Legend has it that at the opening match of USA ’94, between Germany and Bolivia, some of the local fans, ignorant of the rules of the game, began to leave the stadium after Jurgen Klinsmann’s opening goal believing that in football the first goal is the winning goal.

I can only assume that the Lincoln City squad suffers from the same confusion over the rules. Once again against Kettering we conceded and simply stopped playing. Just like Darlington (where the killer blow came after 30 seconds), Kidderminster and numerous games last season, as soon as we go a goal behind, we stop. Game over.

There are two Lincoln City’s (Cities?). The first is the one which was on the field between the first and sixty third minutes of the game. They outclassed the excuse for a football team that was put on the field against them. Without the intervention of the excellent goalkeeper and the post on two occasions we’d have gone into the break with a comfortable lead, and one which would have been fully deserved.

The second Lincoln City is the one that visibly surrendered as soon as Kettering snuck a goal with their first shot of the game. It seems to me that our problem isn’t tactical, or in personnel, or the manager.

Our problem is mental.
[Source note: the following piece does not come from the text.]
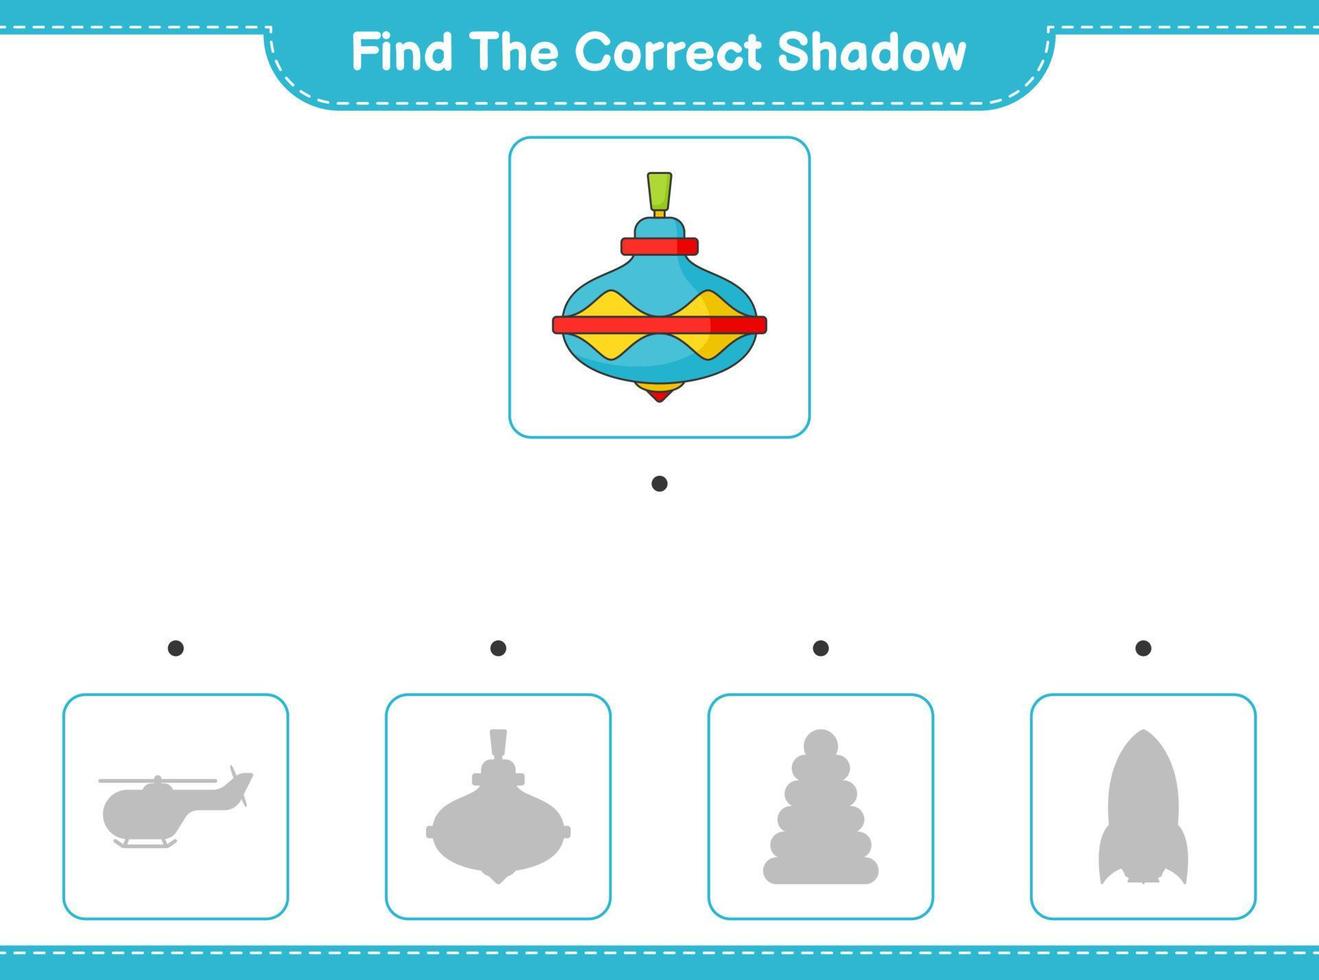 Finden Sie den richtigen Schatten. Finden Sie den richtigen Schatten des Wirbelspielzeugs und passen Sie ihn an. pädagogisches kinderspiel, druckbares arbeitsblatt, vektorillustration vektor

We believe we’re going to lose when we go behind, fans and players alike. The groan that went round Sincil Bank when Kettering took the lead said it all. I almost stood up and left, there was simply no way we were getting anything from that game at that point.

I’m not yet on board the ever growing “Tilson must go” bandwagon (can we afford to sack him? who can we get in instead?) but…it’s not going to be long. And I simply don’t see how a group of players this low on confidence can be turned around.

Question of the day: What greater power has Lincoln City football club and it’s fans angered to merit this punishment? Who do I have to sacrifice a goat to for a home win?

Man of the match: Thought Alan Power thoroughly deserved the nod from the sponsors.

Fast improving “see, I told you he was alright” player of the game: Ali Fuseini. A class above at this level.

The opposition: The worst team I’ve ever seen. And they beat us. Enough said.